Tb-doped MA0.89FA0.11PbBr3 perovskite single crystals for gamma-ray detection

Abstract

Rare-earth doping has emerged as a promising strategy to tailor the optoelectronic properties of metal halide perovskites, yet its potential for enhancing gamma-ray detection performance remains underexplored. The synthesis of large-sized, rare-earth doped perovskite single crystals remains challenging due to the adverse effects of dopants on crystal growth and lattice stability. Herein, we achieved 16 mm sized MA_0.89FA_0.11PbBr₃:Tb single crystals (Tb/Pb = 0.13–0.67%) via nucleation control and precursor regulation. The X-ray fluorescence mapping confirms the uniform distribution of Tb³⁺ within the crystal lattice at a low Tb/Pb ratio (≤0.35%). The successful incorporation of rare earth ions and a concomitant lattice contraction profoundly enhance the charge transport characteristics.

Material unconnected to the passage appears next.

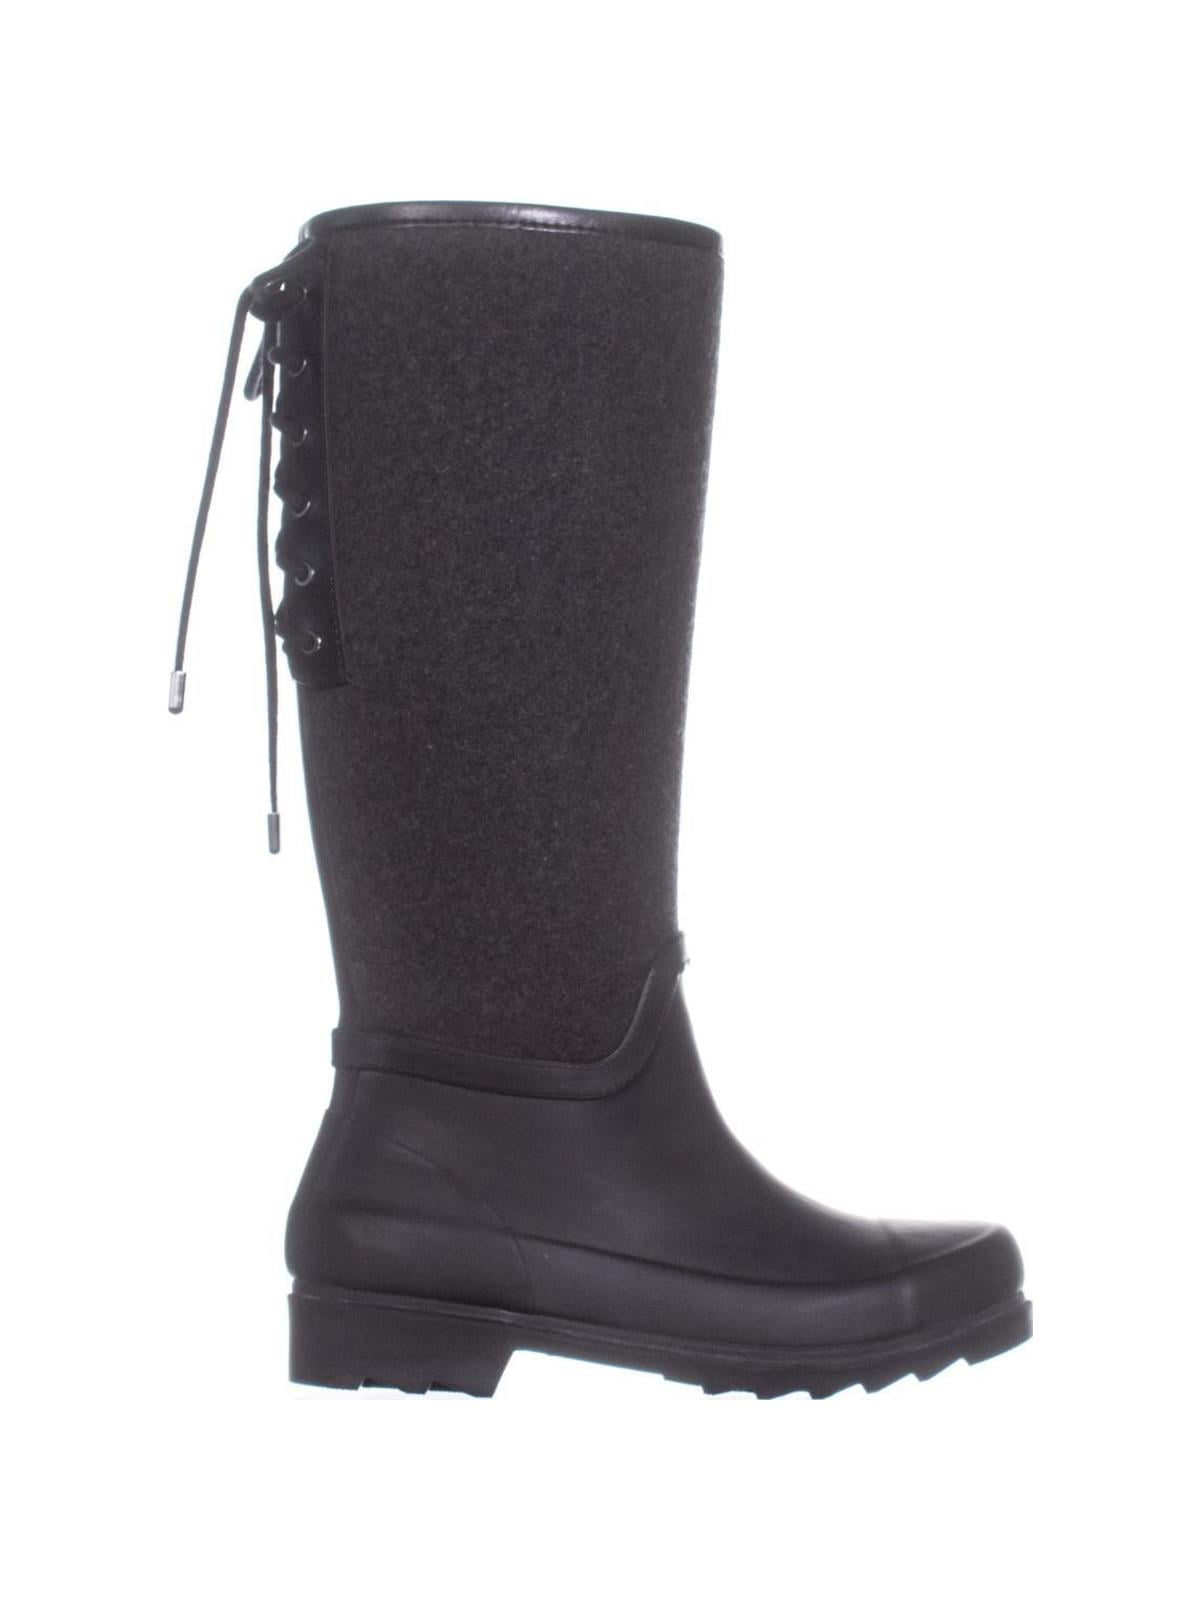 Nine West Oops Lace Up Rain Boots, Dark Grey Multi | Walmart Canada

Specifically, doping with 0.13% Tb³⁺ increased the carrier mobility from 55 to 154 cm² V⁻¹ s⁻¹ and prolonged the carrier lifetime from 197 to 4422 ns. Consequently, the fabricated gamma-ray detector achieved a high energy resolution of 4.3% for ²⁴¹Am radiation (59.5 keV), a significant improvement over 15.7%. This work demonstrates rare-earth doping as an effective strategy toward high-performance perovskite radiation sensors.